BEGIN Recorded information

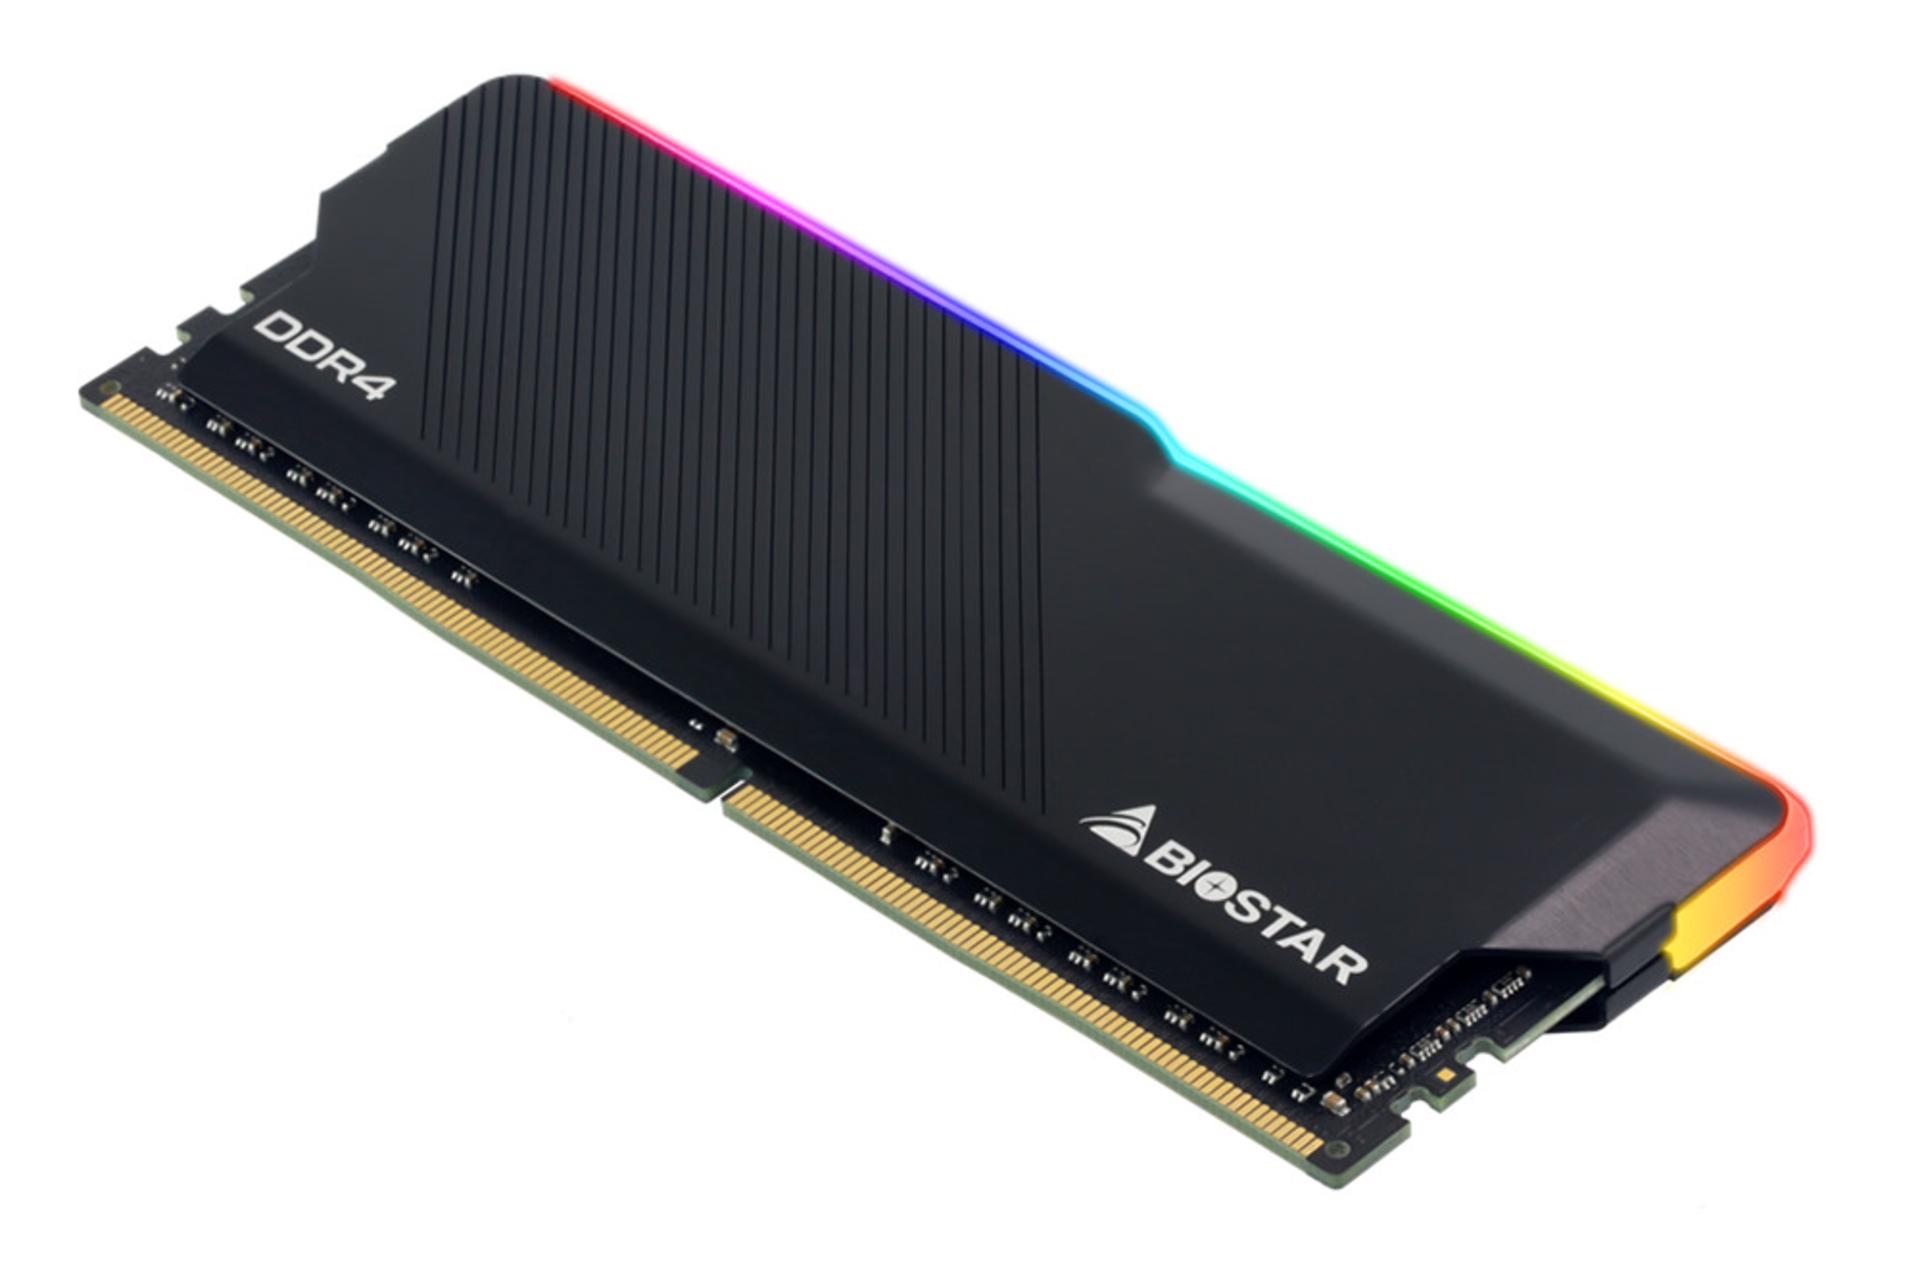  رم بایواستار GAMING X ظرفیت 16 گیگابایت (2x8) از نوع DDR4-3200 نمای جانبی پایین
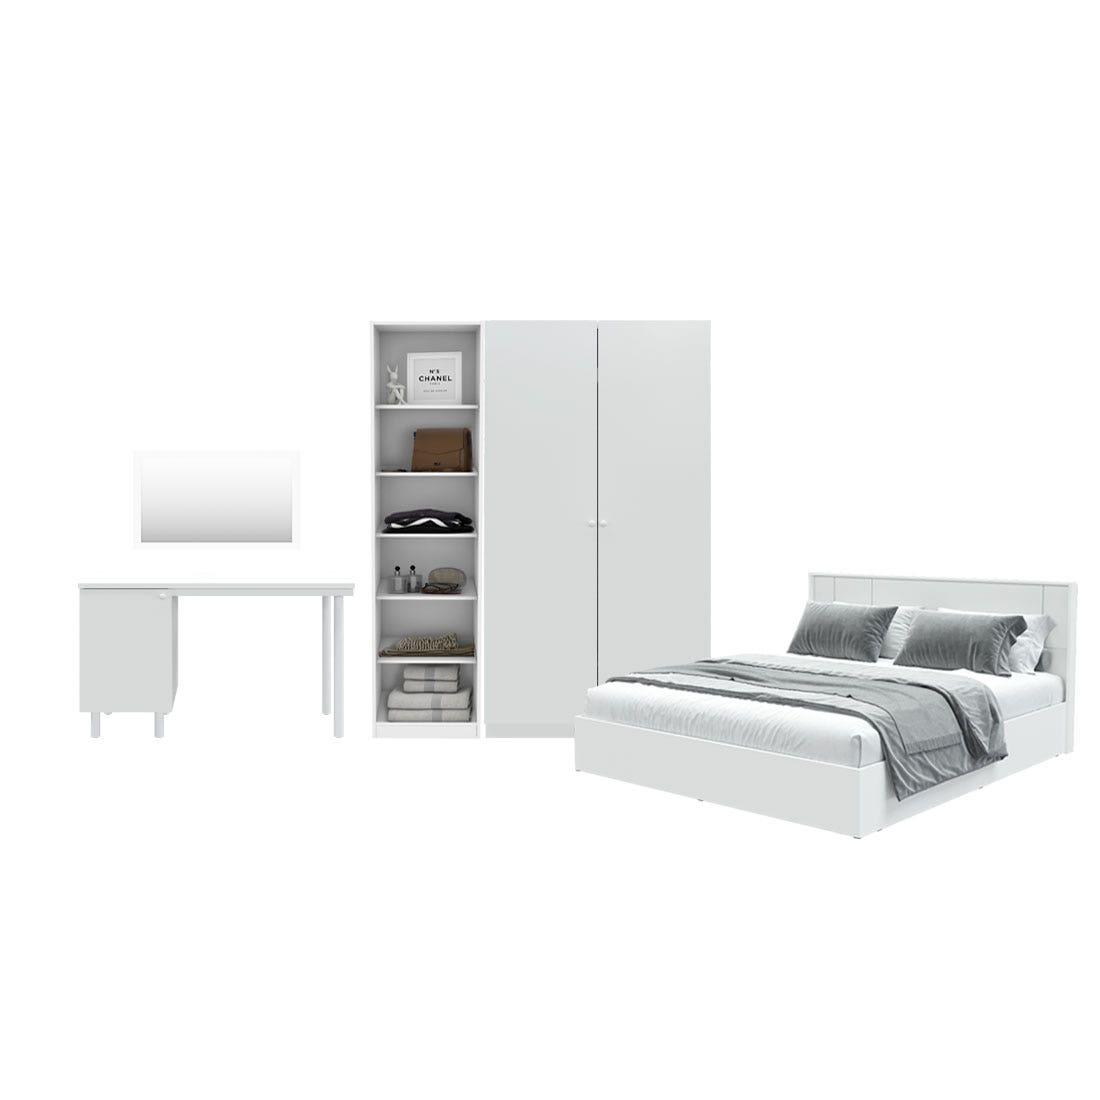 ชุดห้องนอน ขนาด 6 ฟุต รุ่น Pearliz และ ตู้ Blox ขนาด 150 ซม. พร้อมโต๊ะทำงาน สีขาว มิดกรอส01
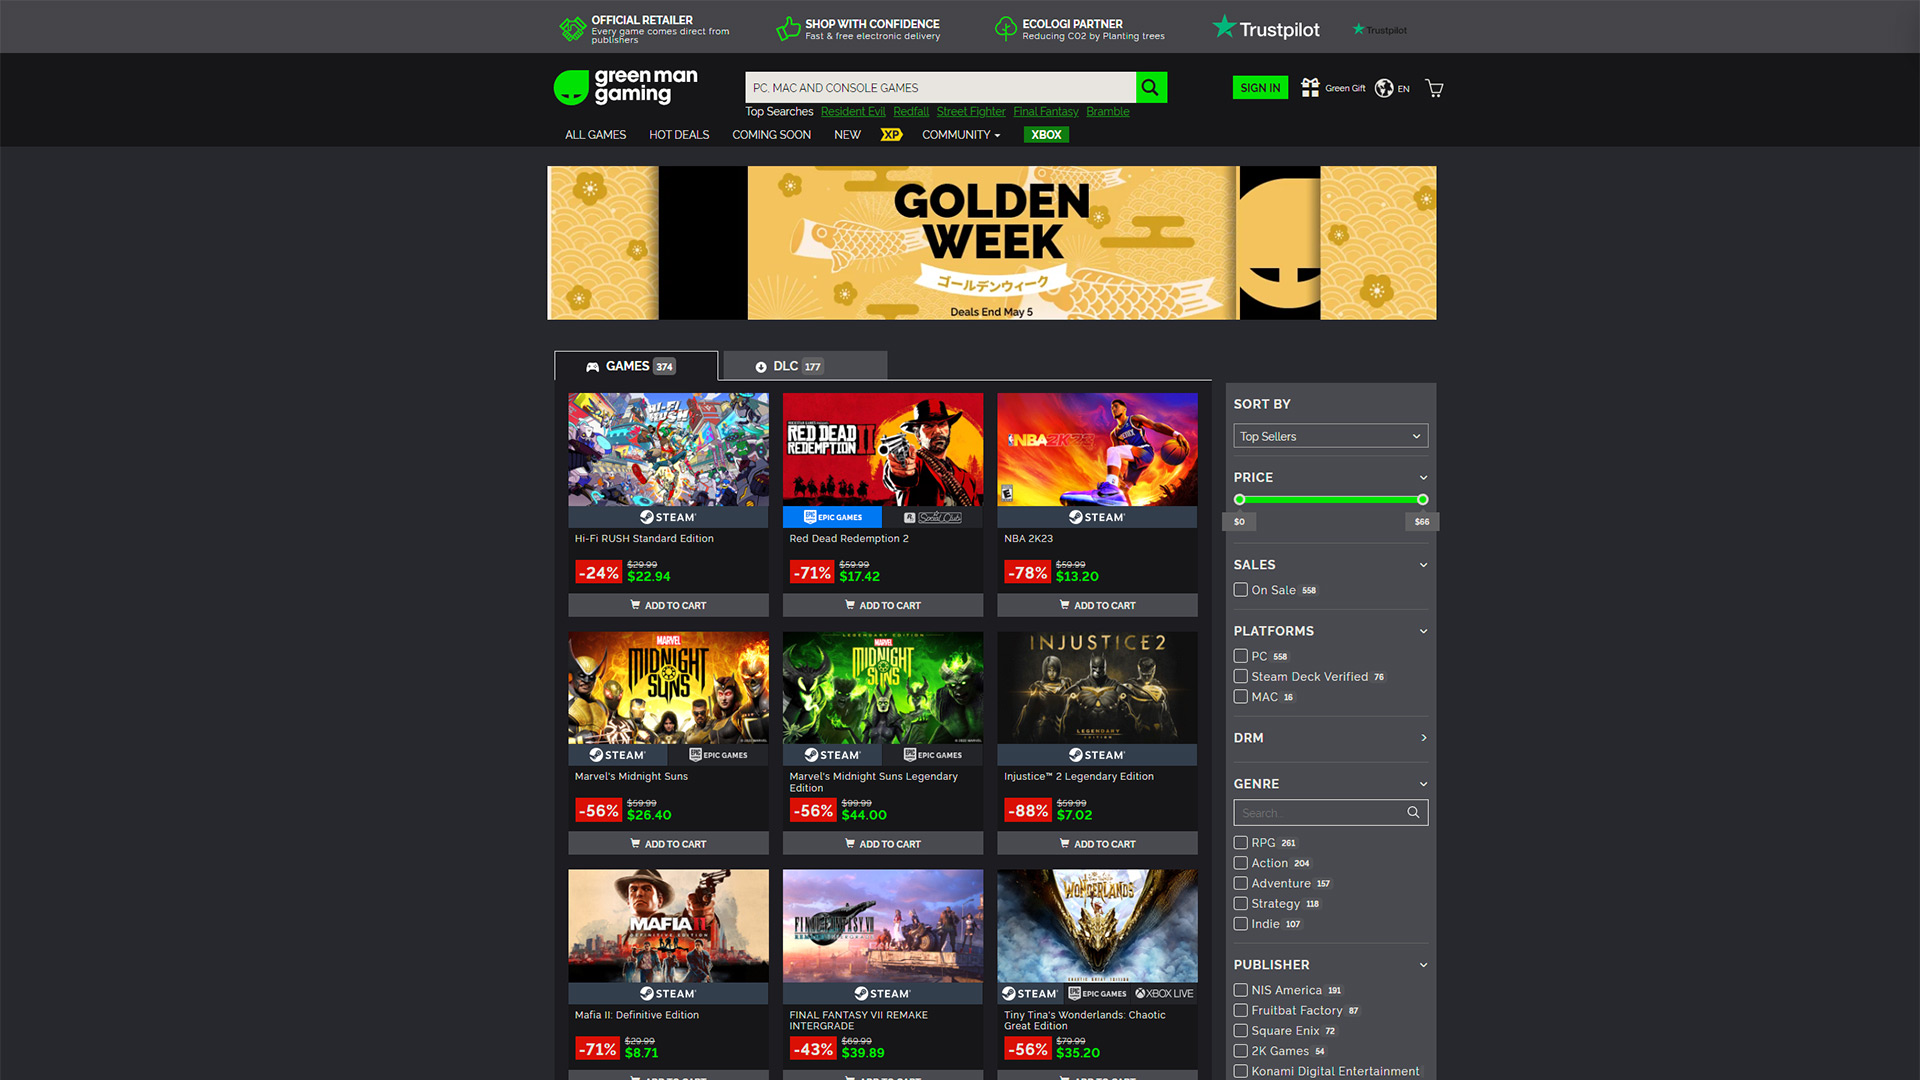 Green Man Gaming Golden Week Sale
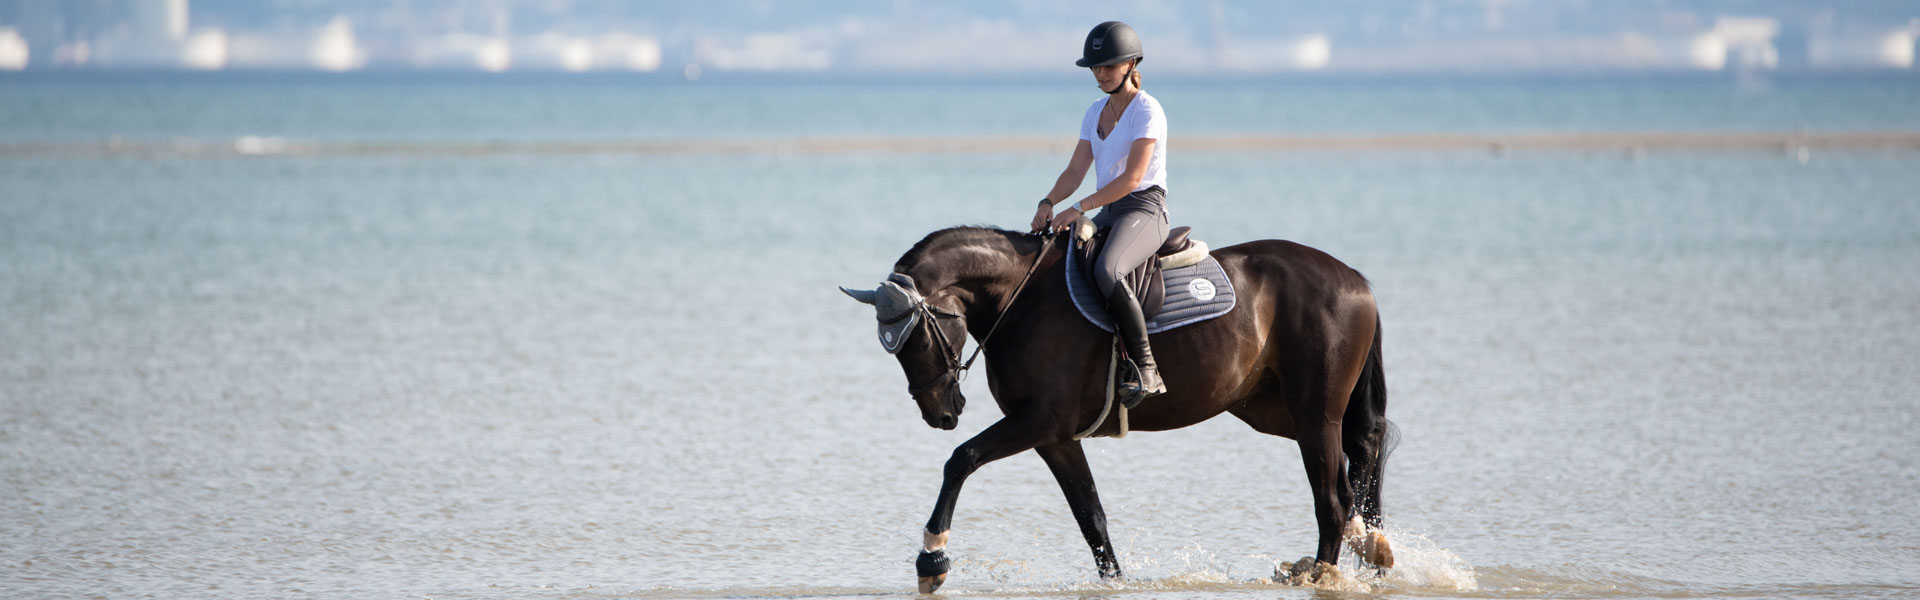 aller à la plage avec son cheval photo eau mer

END Recorded information

### What you will do
Restate the material above word for word, dropping the pictures.

### Result
  رم بایواستار GAMING X ظرفیت 16 گیگابایت (2x8) از نوع DDR4-3200 نمای جانبی پایین
 ชุดห้องนอน ขนาด 6 ฟุต รุ่น Pearliz และ ตู้ Blox ขนาด 150 ซม. พร้อมโต๊ะทำงาน สีขาว มิดกรอส01
 Green Man Gaming Golden Week Sale
 aller à la plage avec son cheval photo eau mer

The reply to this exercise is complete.